Осуществляя агитационно-дидактическую цель — пропаганду передовых идей, руководствуясь романтическим методом, Рылеев рисовал характеры дум лишь общими, но резкими и широкими штрихами. Образы его героев, сливаясь с обликом самого поэта, голос которого слышится во всех их патриотическо-свободолюбивых речах, привлекают высокими идеями, благородством чувств, целостностью, монументальностью характеров. Они романтичны по выдающейся силе ума и сердца, по исключительности психологических состояний, по драматичности положений. Своеобразны не только обстоятельства, но и психологические положения героев дум: военные походы ( «Олег Вещий»), плен и гнет ( «Рогнеда»), темница («Глинский»), изгнанничество ( «Курбский»), верховная власть Бориса при недоверии народа, не простившего ему убийства «отрока святого» («Борис Годунов»). Романтическая необычность обстановки, окружающей героев, оттеняется картинами ночного, осеннего, дикого пейзажа, как правило, мрачного, тревожного и бурного.
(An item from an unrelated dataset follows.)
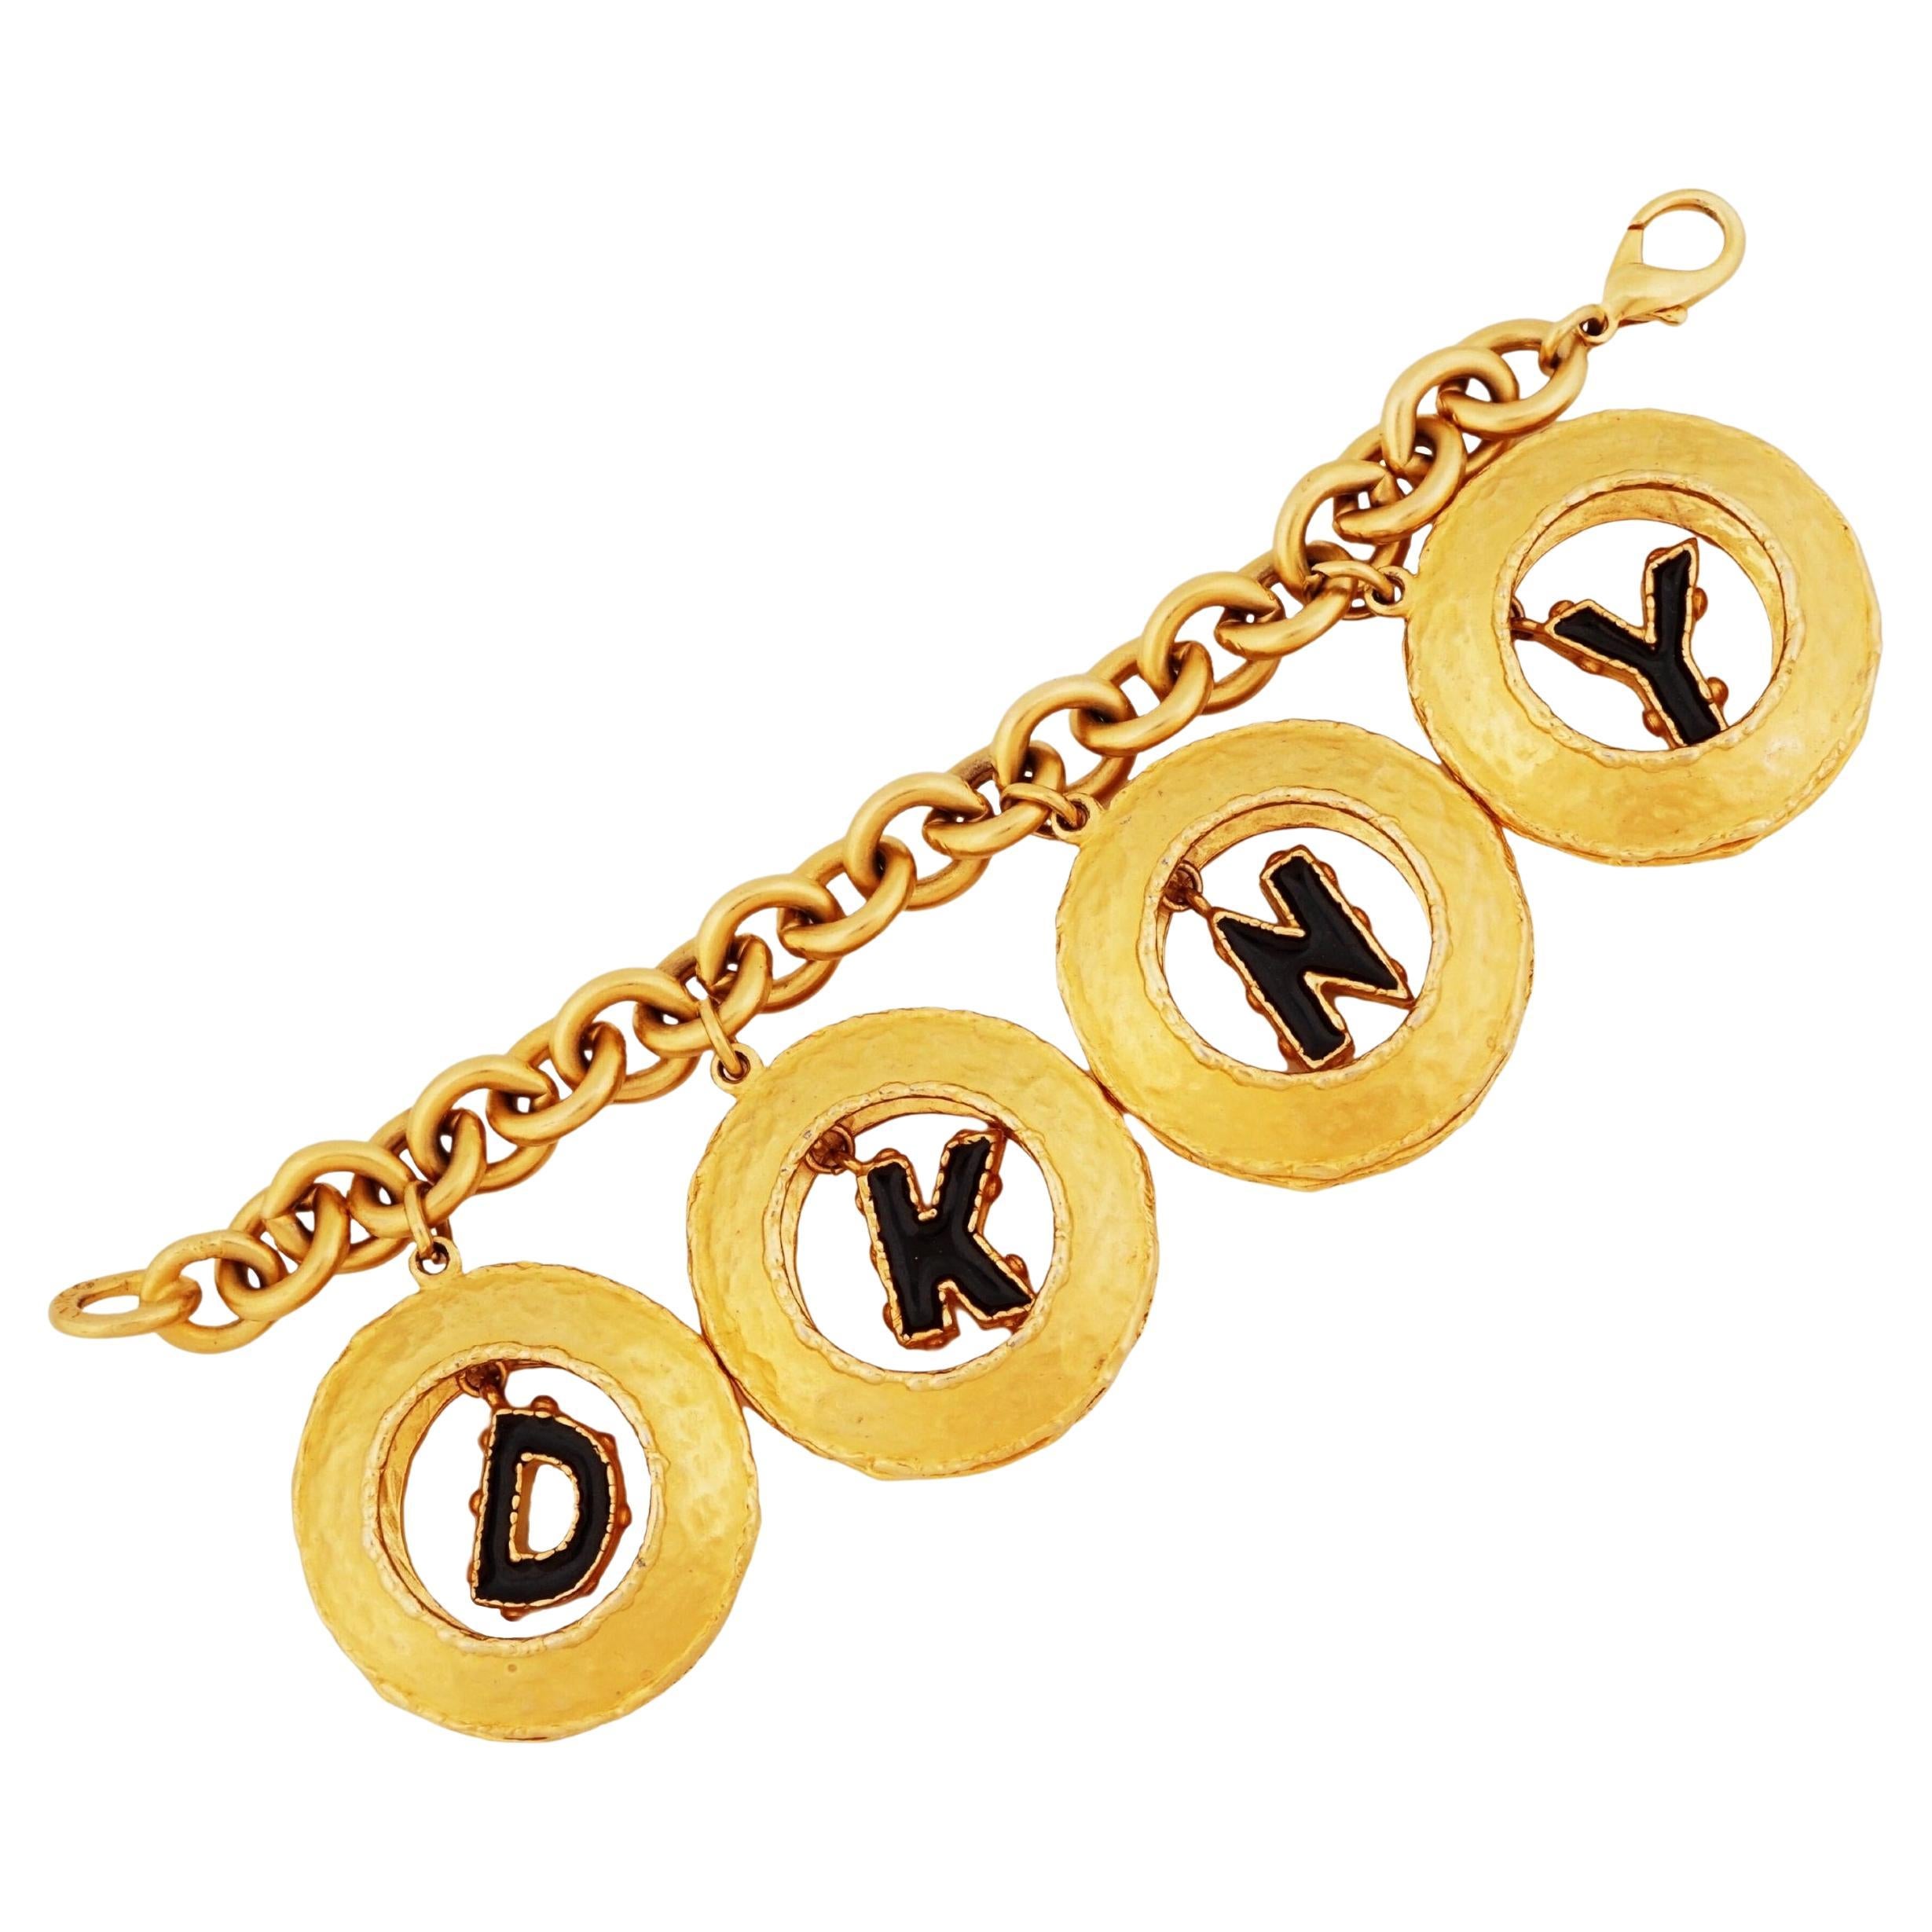 Extra Chunky Gilt Statement "DKNY" Charm Bracelet By Donna Karan, 1980s For Sale
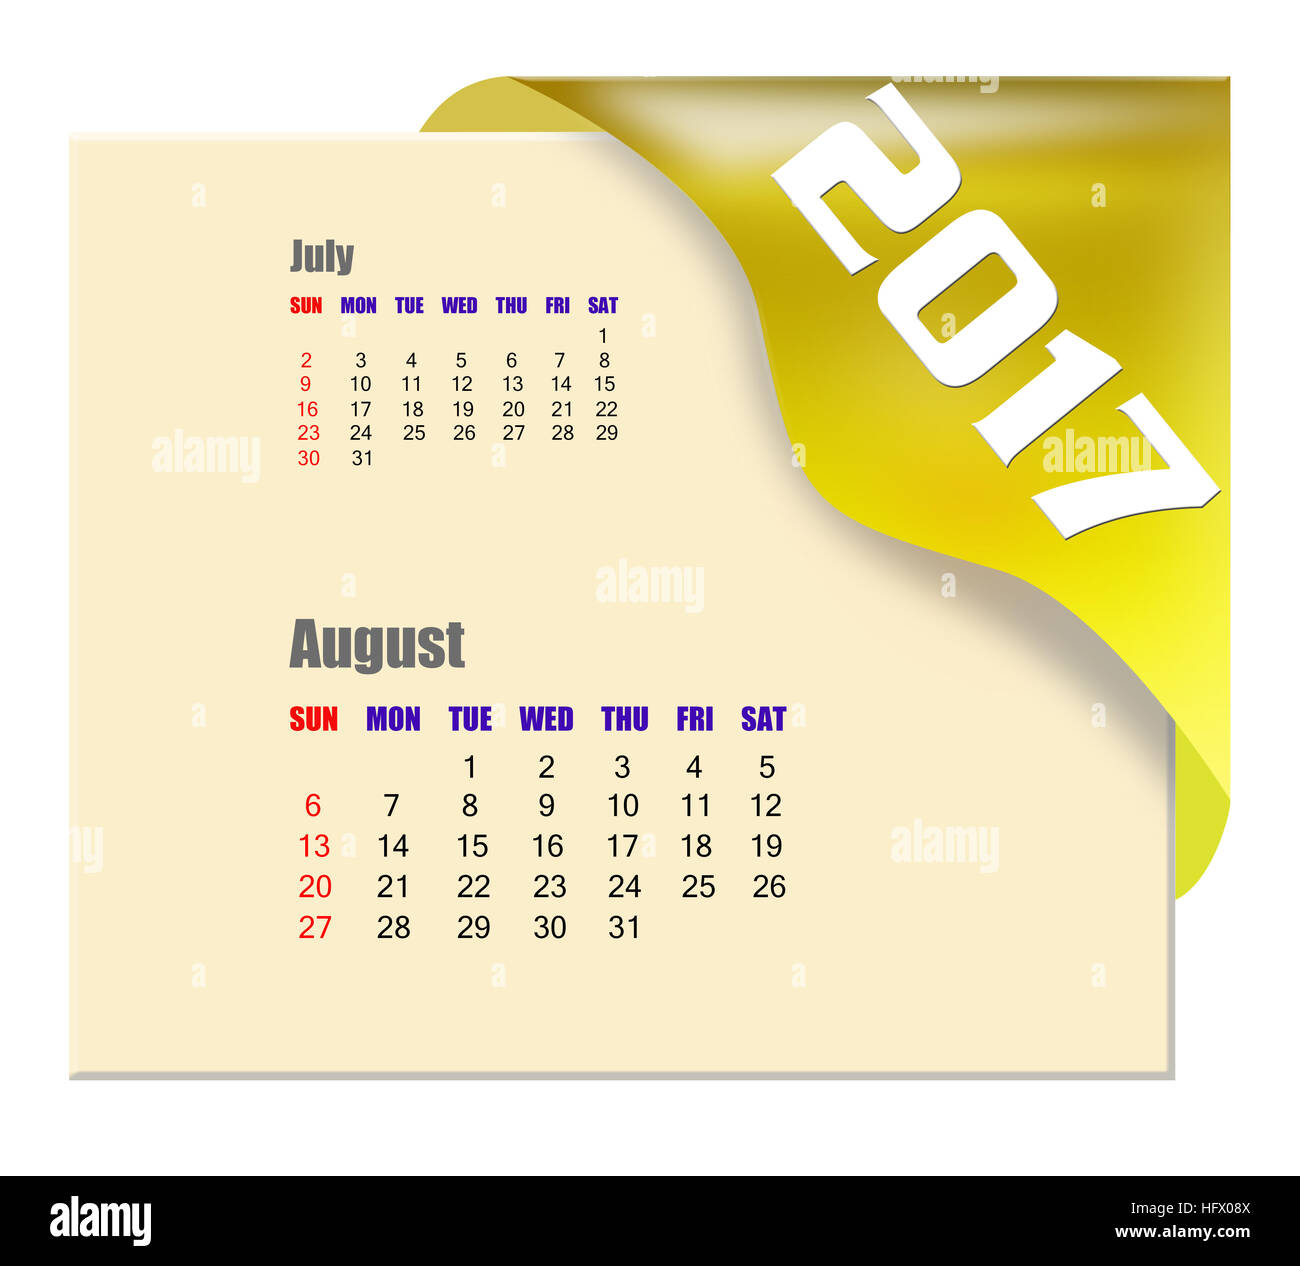 2017-august-calendar-stock-photo-alamy

Но в некоторых думах обнаруживается и тенденция к объективации их основного героя (например, «Олег вещий» и «Смерть Ермака»).

Необычные герои, их исключительные психологические положения и обстоятельства потребовали эмоционально-напряженной интонации. Поэтому для синтаксиса дум особенно характерны восклицания, вопросы, повторения, обращения, анафоры, недоговоренность, пуантировки. Эмоциональное напряжение дум, непрерывно возрастая, обычно завершается кульминационной точкой: «Пал мертвым за юного Петра, Запечатлев невинность кровью» ( «Артемон Матвеев», 1822). Или: «И угасла, как свеча, Как пред иконой огнь лампадный» ( «Наталия Долгорукова»). И еще:«Жизнь окончил в страшных муках Нераскаянный злодей» ( «Димитрий Самозванец»).

Действенно-лирической тональности дум способствуют изобразительные средства. Их эпитеты зачастую гиперболичны и подчеркнуто-эмоциональны: «громозвучная слава», «ревущая буря», «буйная жизнь», «грозная дружина», «мощная рука», «кипящий Иртыш» ( «СмертьЕрмака»), «пламенный витязь», «грозные битвы», «убийственный хлад» ( «Вадим»), «ярые воды», «отважные рули», «пылкая жажда» ( «ОлегВещий»). Ощущение необычности создают мрачные или гиперболические сравнения: «И луна сквозь тучи крадется, Будто в саване мертвец» («Вадим»). Или: «И с ними полетел грозою На Цареградский брег» ( «Олег Вещий»). В думах, особенно ранних, совершенно очевидны приметы классицизма: в виде не только явно, но и тенденциозно выраженного дидактизма, в лексической архаике, в мифологизмах (Бард, Боян), в причастных рифмах. Но все эти особенности, внося в думы торжественные ноты, не нарушают их ведущего романтического пафоса.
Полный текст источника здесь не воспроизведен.